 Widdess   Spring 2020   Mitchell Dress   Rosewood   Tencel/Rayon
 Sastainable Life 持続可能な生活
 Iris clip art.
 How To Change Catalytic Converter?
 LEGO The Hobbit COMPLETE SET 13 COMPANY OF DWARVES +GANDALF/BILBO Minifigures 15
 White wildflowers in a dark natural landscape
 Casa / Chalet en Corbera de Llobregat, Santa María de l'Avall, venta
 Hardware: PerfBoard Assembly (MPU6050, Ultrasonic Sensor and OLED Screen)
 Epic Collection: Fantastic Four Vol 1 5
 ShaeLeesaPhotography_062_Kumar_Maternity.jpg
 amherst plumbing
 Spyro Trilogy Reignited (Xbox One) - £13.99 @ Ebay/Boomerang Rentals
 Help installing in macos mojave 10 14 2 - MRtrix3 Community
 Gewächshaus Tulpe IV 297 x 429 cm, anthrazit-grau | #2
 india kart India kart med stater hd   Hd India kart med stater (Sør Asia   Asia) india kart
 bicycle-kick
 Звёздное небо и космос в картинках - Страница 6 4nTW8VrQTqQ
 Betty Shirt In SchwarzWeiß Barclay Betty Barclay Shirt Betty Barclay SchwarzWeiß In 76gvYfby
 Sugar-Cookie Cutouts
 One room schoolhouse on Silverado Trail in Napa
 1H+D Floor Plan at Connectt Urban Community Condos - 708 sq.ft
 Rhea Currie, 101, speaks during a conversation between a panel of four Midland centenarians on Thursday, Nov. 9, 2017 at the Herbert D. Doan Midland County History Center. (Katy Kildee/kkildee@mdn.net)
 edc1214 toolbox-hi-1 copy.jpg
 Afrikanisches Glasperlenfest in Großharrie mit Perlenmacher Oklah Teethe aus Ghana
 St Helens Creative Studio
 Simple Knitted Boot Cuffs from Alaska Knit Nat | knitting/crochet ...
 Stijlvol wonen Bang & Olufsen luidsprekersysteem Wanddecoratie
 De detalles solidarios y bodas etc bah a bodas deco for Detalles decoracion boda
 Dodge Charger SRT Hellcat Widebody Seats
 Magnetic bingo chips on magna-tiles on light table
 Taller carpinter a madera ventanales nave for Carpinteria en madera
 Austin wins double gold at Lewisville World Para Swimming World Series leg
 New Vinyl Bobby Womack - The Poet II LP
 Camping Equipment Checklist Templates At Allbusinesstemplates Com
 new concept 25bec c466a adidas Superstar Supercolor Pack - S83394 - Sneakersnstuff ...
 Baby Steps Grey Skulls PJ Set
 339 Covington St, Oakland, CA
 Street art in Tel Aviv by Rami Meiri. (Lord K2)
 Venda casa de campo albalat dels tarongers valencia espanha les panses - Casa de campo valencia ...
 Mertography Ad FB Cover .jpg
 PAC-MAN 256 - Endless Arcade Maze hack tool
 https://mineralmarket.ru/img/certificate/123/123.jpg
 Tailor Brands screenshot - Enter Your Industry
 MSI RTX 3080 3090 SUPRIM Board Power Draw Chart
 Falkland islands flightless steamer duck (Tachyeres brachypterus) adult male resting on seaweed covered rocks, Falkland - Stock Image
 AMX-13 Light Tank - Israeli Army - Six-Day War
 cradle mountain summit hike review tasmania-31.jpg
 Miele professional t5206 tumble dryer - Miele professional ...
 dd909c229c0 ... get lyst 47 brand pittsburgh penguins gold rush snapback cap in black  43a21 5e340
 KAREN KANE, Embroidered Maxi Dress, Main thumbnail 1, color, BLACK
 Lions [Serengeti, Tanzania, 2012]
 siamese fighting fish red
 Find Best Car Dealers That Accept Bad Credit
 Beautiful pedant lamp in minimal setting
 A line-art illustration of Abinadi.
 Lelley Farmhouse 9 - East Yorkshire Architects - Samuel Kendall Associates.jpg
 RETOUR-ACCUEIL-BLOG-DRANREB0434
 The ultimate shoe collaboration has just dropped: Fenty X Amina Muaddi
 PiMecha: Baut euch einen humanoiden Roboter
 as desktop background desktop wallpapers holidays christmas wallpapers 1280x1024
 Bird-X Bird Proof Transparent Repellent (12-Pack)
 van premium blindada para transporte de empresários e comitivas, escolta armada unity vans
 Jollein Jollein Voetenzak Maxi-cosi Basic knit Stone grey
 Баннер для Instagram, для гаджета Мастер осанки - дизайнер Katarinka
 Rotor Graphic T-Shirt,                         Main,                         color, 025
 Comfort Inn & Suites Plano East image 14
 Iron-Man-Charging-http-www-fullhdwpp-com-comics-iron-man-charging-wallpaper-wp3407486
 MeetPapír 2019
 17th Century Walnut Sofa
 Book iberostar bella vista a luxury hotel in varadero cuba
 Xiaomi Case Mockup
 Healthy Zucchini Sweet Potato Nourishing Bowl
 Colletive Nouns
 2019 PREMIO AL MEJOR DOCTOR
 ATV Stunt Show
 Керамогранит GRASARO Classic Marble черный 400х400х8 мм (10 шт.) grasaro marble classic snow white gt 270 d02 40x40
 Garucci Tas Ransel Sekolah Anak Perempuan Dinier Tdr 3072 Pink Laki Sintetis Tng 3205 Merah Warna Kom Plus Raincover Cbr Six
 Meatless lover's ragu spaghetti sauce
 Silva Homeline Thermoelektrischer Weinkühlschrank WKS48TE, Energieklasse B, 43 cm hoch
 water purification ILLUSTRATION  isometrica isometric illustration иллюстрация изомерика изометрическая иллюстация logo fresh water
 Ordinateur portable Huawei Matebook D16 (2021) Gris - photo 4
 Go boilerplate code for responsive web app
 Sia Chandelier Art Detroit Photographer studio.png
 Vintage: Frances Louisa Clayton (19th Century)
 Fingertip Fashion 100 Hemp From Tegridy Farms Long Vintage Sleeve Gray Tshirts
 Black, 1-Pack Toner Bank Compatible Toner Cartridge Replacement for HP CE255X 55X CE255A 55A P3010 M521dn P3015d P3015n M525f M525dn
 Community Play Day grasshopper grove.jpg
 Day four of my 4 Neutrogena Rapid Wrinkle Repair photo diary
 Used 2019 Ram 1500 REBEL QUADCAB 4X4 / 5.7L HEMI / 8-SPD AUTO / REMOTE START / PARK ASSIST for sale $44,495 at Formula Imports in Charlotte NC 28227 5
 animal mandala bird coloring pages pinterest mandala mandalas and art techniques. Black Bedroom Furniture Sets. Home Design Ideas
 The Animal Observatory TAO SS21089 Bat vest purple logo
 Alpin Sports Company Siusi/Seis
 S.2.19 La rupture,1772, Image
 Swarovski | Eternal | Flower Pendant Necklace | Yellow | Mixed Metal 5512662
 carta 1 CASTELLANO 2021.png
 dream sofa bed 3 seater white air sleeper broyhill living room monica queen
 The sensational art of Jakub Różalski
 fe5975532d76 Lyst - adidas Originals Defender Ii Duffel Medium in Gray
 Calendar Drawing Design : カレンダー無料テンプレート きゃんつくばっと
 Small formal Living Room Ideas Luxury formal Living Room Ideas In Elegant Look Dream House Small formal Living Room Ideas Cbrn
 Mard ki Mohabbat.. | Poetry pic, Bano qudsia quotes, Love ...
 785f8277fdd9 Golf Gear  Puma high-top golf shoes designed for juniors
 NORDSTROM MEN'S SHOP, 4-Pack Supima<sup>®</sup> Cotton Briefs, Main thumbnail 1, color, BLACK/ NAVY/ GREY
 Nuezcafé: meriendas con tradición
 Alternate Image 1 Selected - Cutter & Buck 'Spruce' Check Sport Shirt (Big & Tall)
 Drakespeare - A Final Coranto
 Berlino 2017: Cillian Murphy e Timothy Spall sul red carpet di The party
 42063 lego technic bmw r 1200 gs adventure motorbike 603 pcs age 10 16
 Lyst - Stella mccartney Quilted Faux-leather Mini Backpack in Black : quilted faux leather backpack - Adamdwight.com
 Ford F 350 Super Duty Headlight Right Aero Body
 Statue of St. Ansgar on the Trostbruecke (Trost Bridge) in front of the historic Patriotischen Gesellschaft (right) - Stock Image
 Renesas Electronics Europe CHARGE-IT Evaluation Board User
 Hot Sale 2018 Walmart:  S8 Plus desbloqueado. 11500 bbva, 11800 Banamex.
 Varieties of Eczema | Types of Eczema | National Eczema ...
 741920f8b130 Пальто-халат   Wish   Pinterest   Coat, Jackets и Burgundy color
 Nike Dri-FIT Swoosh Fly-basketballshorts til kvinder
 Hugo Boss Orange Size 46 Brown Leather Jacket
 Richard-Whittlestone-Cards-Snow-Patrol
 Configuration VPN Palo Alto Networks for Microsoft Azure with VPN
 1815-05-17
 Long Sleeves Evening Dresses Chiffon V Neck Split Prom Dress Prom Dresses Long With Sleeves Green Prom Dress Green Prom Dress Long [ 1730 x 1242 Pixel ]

__________

◆ Exercise directions
Could you restate word for word the lines above, from the one that contains "Berlino 2017: Cillian" through the one that contains "Ford F 350 Super", and no others?

◆ Reply to the task
 Berlino 2017: Cillian Murphy e Timothy Spall sul red carpet di The party
 42063 lego technic bmw r 1200 gs adventure motorbike 603 pcs age 10 16
 Lyst - Stella mccartney Quilted Faux-leather Mini Backpack in Black : quilted faux leather backpack - Adamdwight.com
 Ford F 350 Super Duty Headlight Right Aero Body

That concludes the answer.